* [ACTIVITY] In the data below, begin at the line with "水果 图标 元素 柿子" and stop after the line with "QUAINT - 1970s"; output those lines exactly and no pictures.
── AVAILABLE DATA ──
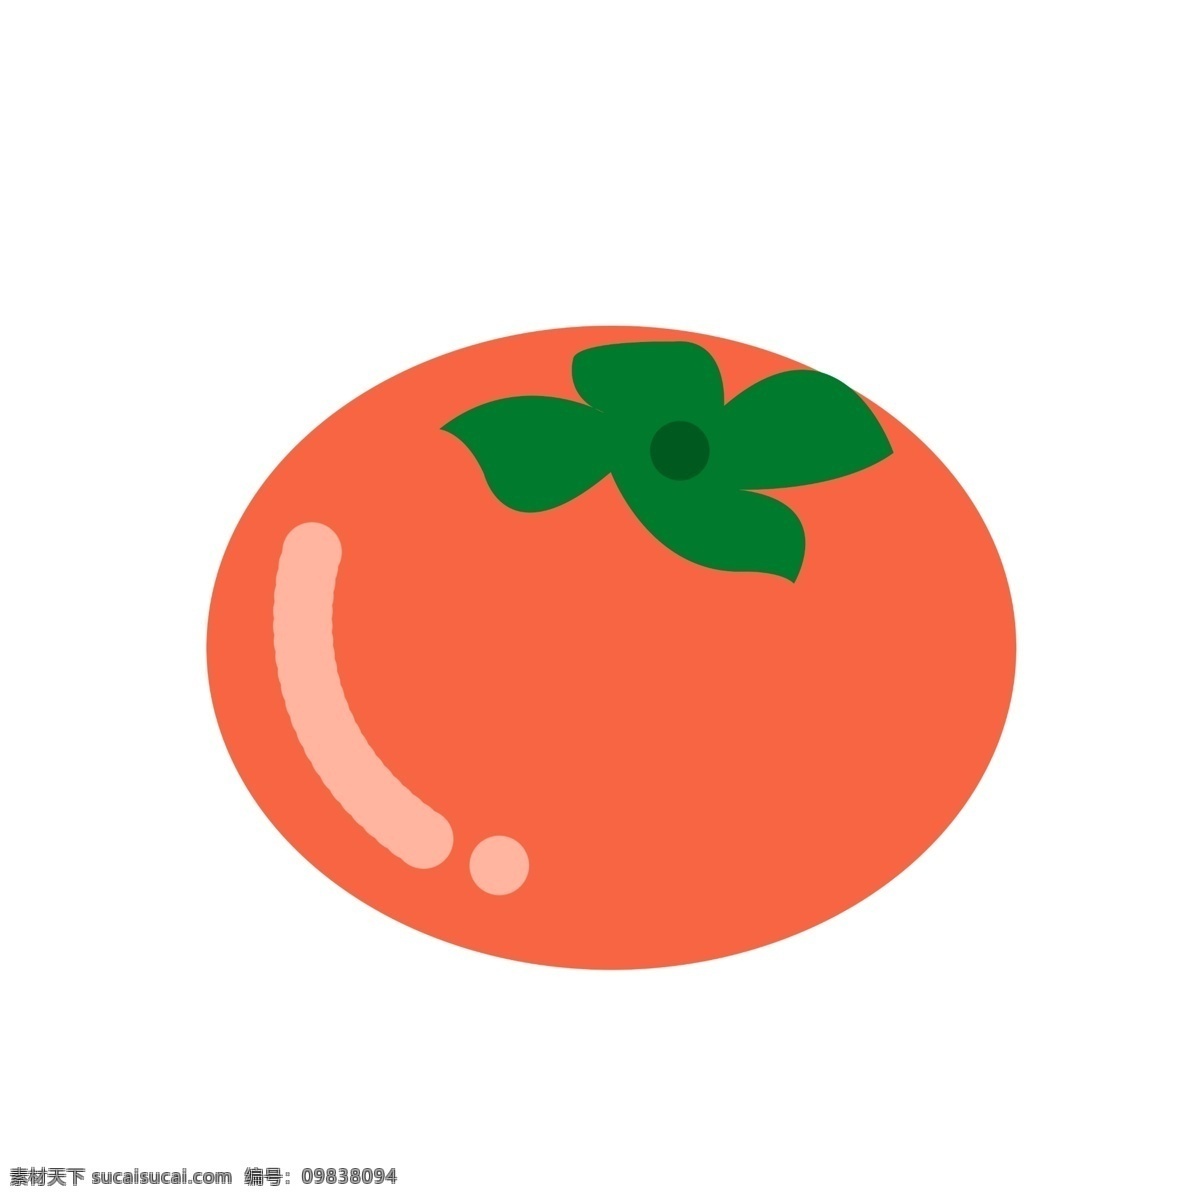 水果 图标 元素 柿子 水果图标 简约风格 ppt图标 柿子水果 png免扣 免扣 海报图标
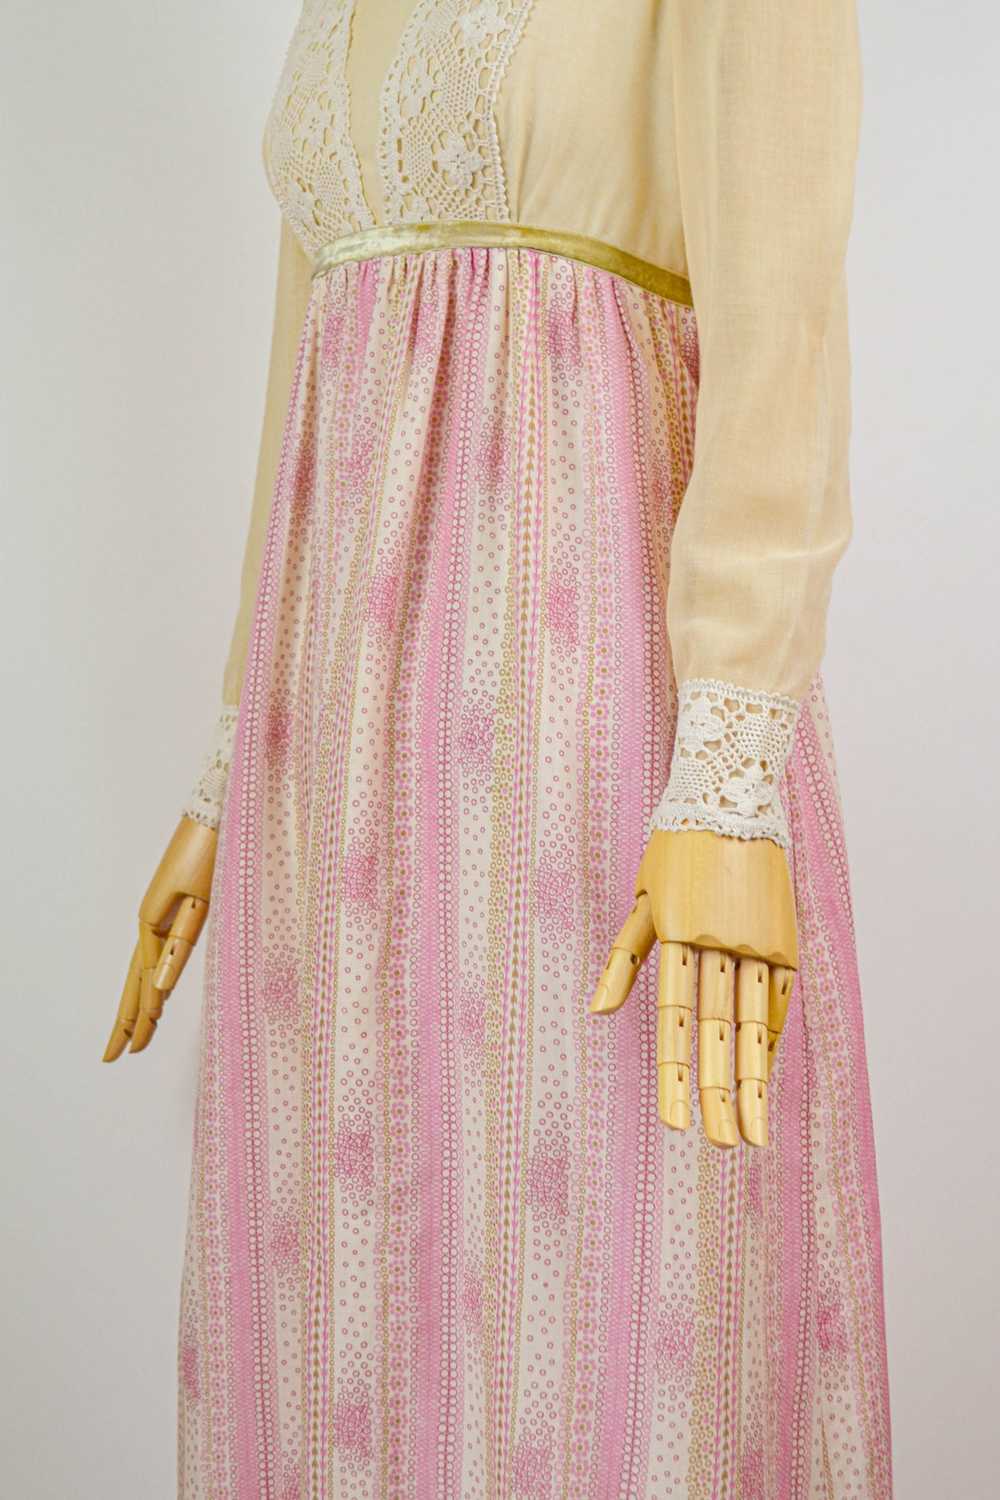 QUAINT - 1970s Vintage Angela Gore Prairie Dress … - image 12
───
── AVAILABLE DATA ──
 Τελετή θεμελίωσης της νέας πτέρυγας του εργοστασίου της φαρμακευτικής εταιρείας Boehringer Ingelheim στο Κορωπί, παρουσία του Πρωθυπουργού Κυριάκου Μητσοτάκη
───
* [WRITTEN RESPONSE]
 水果 图标 元素 柿子 水果图标 简约风格 ppt图标 柿子水果 png免扣 免扣 海报图标
 QUAINT - 1970s Vintage Angela Gore Prairie Dress … - image 12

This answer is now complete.